Nach diesem originellen Entree durchforscht die Singakademie, nunmehr in einheitlich-sittsamer Auftrittsgarderobe, ausschließlich Gefilde selten erklingender Chormusik der drei großen Romantiker Johannes Brahms, Robert Schumann und Felix Mendelssohn Bartholdy.

Für die sinfonische Begleitung sorgt das Brandenburgische Staatsorchester Frankfurt unter Leitung von Rudolf Tiersch, der mit diesem Konzert am Sonnabend sein 30-jähriges Jubiläum als Chordirektor der Singakademie feiert. Seinem Credo "Freude am Singen und Spaß miteinander haben" entspricht auch dieser ihn ehrende Auftritt des Chores, der sich natürlich in stimmprächtiger Verfassung präsentiert. Es beginnt mit dem Brahms'schen "Schicksalslied" op. 54 auf einen Text von Friedrich Hölderlin. Die sehnsuchtsvolle, warm getönte und weich musizierte Einleitung lässt anrührendes Romantikschwelgen entstehen, aus dem der geschmeidige Chorgesang emporwächst. Er erzählt von der schicksallosen Heiterkeit der Götter, kontrastiert sie mit der Vergänglichkeit und dem Leiden der Menschheit. Dem aufgewühlten, leidenschaftlichen Chorausbruch folgt ein beseligendes Orchesternachspiel.

Nachtstimmungen, ein beliebtes Sujet der Romantiker, beherrscht auch Schumanns "Nachtlied" op. 108, das mit den Versen von Friedrich Hebbel von der Flüchtigkeit menschlichen Seins, vom steigenden zum sich neigenden, in ewigen Schlaf mündenden Leben singt.

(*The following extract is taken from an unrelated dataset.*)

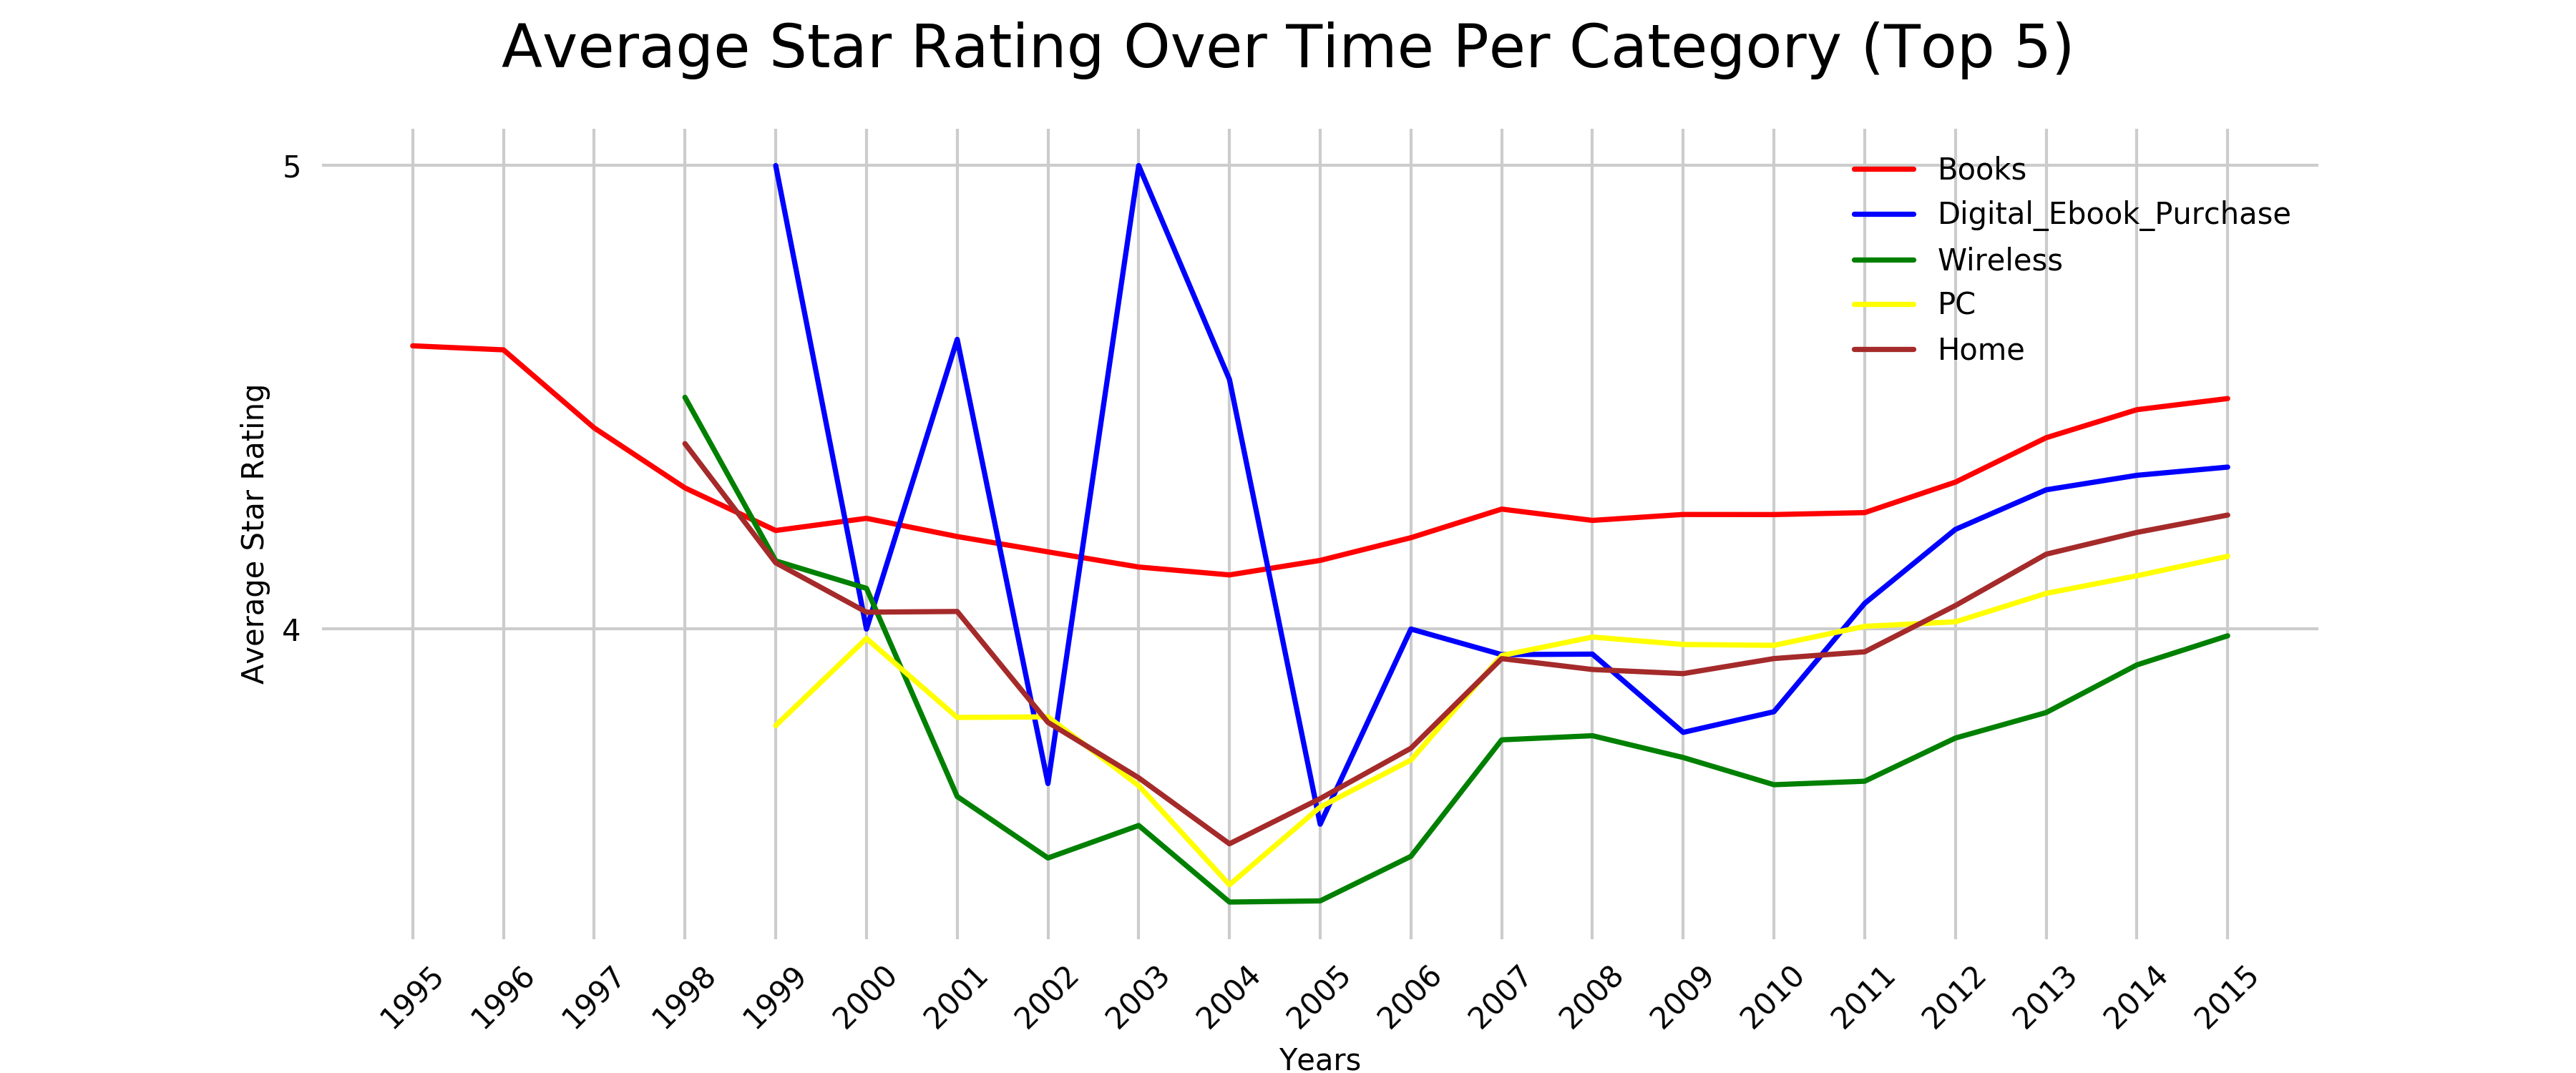 Average Star Rating Over Time Per Category

Tröstlich beginnend, führt der Weg über einen lebensstrotzenden Fortissimoausbruch zu einer langsam verlöschenden Melodie.

Dagegen geht in Mendelsohns "Walpurgisnacht" op. 60 gleichsam die Post ab, wenn ein gallischer Volksstamm nächtens und heimlich den Druidenkult wiederbelebt, mit teuflischem Lärm die christlichen Wächter vertreibt und dann das Frühlingsfest feiert. Chor und Orchester entfachen ein opulentes, humorvoll bis groteskes, ausdruckssaftiges Klangvergnügen, an dem die drei Solisten leider weitgehend keinen Anteil haben. Jubelnder Beifall.